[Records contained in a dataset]
· · · · ·

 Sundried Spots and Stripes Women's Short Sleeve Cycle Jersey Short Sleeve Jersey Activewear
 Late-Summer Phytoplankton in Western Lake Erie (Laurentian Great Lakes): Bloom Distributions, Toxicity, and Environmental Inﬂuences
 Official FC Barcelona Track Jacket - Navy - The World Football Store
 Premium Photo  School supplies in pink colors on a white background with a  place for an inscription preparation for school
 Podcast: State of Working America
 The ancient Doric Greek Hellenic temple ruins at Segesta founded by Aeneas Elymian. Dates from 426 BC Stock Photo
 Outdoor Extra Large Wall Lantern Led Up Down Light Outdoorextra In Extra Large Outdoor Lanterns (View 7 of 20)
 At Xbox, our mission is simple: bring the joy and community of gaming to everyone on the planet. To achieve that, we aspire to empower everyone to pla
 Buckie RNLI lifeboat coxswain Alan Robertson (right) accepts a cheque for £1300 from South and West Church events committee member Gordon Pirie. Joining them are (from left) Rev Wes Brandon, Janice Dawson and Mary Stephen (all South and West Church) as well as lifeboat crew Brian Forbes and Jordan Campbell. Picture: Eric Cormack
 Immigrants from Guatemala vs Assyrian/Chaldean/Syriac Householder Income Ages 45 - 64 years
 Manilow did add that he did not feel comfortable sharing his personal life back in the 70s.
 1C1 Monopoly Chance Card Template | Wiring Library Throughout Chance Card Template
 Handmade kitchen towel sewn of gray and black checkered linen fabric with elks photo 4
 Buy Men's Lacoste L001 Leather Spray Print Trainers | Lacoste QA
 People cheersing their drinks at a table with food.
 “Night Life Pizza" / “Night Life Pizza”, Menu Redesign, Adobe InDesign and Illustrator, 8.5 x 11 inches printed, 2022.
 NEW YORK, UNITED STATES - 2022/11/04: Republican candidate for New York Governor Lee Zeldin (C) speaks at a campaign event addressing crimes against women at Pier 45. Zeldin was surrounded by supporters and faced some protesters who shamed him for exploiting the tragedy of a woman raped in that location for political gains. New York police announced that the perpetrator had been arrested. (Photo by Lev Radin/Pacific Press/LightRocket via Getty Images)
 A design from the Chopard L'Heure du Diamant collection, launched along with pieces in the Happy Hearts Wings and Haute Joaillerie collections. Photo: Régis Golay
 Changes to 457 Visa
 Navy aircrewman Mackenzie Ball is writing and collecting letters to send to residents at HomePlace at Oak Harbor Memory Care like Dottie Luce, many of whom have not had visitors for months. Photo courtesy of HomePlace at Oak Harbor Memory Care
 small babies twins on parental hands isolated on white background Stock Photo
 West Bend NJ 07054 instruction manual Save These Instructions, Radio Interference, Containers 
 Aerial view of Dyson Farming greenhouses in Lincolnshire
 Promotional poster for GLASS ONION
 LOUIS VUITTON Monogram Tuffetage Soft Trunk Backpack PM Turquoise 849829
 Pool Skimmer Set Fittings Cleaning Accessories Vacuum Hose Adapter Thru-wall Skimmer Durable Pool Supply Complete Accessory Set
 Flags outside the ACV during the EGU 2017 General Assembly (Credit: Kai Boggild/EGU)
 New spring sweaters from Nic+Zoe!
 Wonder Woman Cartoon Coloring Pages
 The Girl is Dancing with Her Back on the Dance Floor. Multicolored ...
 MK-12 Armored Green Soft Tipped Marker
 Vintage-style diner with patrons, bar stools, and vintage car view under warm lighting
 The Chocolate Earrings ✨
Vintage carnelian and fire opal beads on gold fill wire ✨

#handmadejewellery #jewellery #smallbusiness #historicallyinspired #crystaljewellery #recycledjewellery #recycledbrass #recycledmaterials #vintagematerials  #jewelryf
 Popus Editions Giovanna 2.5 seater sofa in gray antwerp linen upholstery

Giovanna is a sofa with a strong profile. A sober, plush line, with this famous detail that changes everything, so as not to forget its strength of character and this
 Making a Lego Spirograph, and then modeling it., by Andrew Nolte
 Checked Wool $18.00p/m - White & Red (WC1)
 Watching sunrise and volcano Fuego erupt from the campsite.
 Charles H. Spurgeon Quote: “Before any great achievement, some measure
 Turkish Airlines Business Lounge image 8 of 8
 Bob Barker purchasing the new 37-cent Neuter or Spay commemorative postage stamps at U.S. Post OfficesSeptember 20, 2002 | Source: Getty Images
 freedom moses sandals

· · · · ·

The task - Copy out each line of the data above, exactly, if it lies between the line holding "1C1 Monopoly Chance" and the line holding "small babies twins", inclusive; copy no other line.

Response for this exercise -
 1C1 Monopoly Chance Card Template | Wiring Library Throughout Chance Card Template
 Handmade kitchen towel sewn of gray and black checkered linen fabric with elks photo 4
 Buy Men's Lacoste L001 Leather Spray Print Trainers | Lacoste QA
 People cheersing their drinks at a table with food.
 “Night Life Pizza" / “Night Life Pizza”, Menu Redesign, Adobe InDesign and Illustrator, 8.5 x 11 inches printed, 2022.
 NEW YORK, UNITED STATES - 2022/11/04: Republican candidate for New York Governor Lee Zeldin (C) speaks at a campaign event addressing crimes against women at Pier 45. Zeldin was surrounded by supporters and faced some protesters who shamed him for exploiting the tragedy of a woman raped in that location for political gains. New York police announced that the perpetrator had been arrested. (Photo by Lev Radin/Pacific Press/LightRocket via Getty Images)
 A design from the Chopard L'Heure du Diamant collection, launched along with pieces in the Happy Hearts Wings and Haute Joaillerie collections. Photo: Régis Golay
 Changes to 457 Visa
 Navy aircrewman Mackenzie Ball is writing and collecting letters to send to residents at HomePlace at Oak Harbor Memory Care like Dottie Luce, many of whom have not had visitors for months. Photo courtesy of HomePlace at Oak Harbor Memory Care
 small babies twins on parental hands isolated on white background Stock Photo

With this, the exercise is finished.